Jesus answered them and said,
“Amen, amen, I say to you, you are looking for me
not because you saw signs
but because you ate the loaves and were filled.
Do not work for food that perishes
but for the food that endures for eternal life,
which the Son of Man will give you.
For on him the Father, God, has set his seal.”
So they said to him,
“What can we do to accomplish the works of God?”
Jesus answered and said to them,
“This is the work of God, that you believe in the one he sent.”

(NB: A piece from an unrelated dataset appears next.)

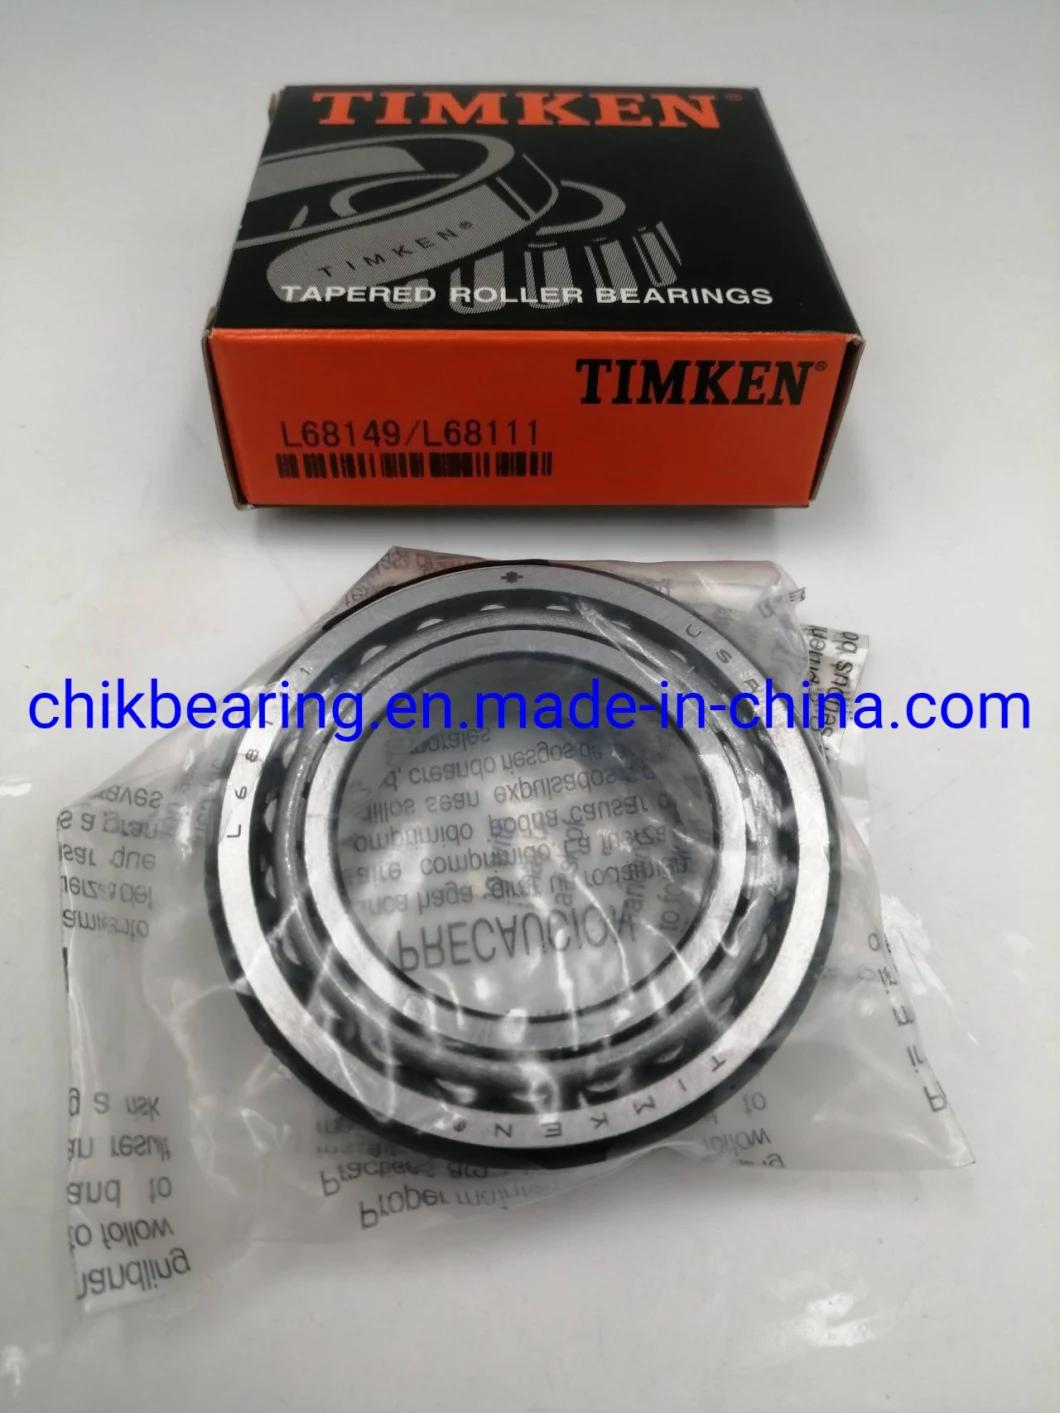 Timken SKF Koyo NSK NTN NACHI Wheel Bearing Transmission Bearing Gearbox Bearing Lm29749/Lm29711 Lm607045/Lm607010 Taper Roller Bearing Lm29749/11 Lm607045/10
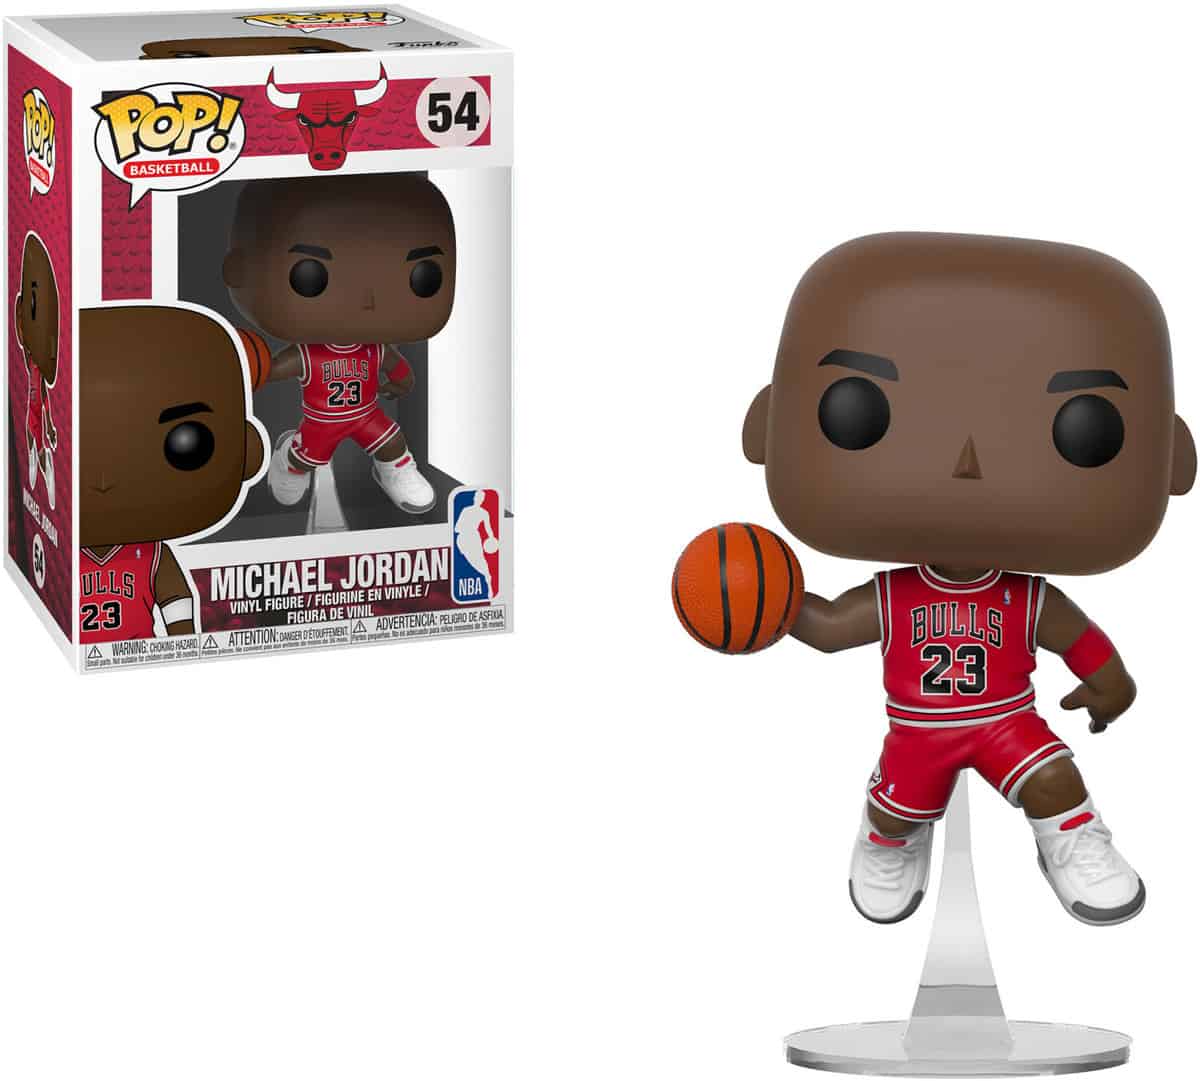 Funko Pop! Basketball: Chicago Bulls - Michael Jordan Figur - für 11,98 € inkl. Versand statt 14,94 €

*United States Conference of Catholic
Bishop Robert Barron
Friends, in today’s Gospel, Jesus tells the crowd, which he just fed, to believe in him and relate to him personally. Why is this so hard? Well, it is intellectually counterintuitive. Why would this one figure, this Jesus, be the one and only? Why should I choose to relate to him and not the numerous other religious leaders and philosophers? Are all other religious people just lost or misguided? Wouldn’t it just be easier to relate to Jesus’ ideas and principles, to imitate his style of life? Yes, indeed it would, but that’s not what he says.
Perhaps we could look at it from Jesus’ side. Jesus no longer calls us “servants,” but “friends.” What if there were someone who wanted to be friends with you, and you were to say, “Oh sure! I admire you and would like to imitate your form of life, but I don’t want to spend a lot of time with you.” How would that strike your prospective friend?
What is unique to Christianity is that God is offering us friendship. You don’t mess around with friendship; you don’t turn it into something abstract; you don’t compromise with it. You enter into it fully.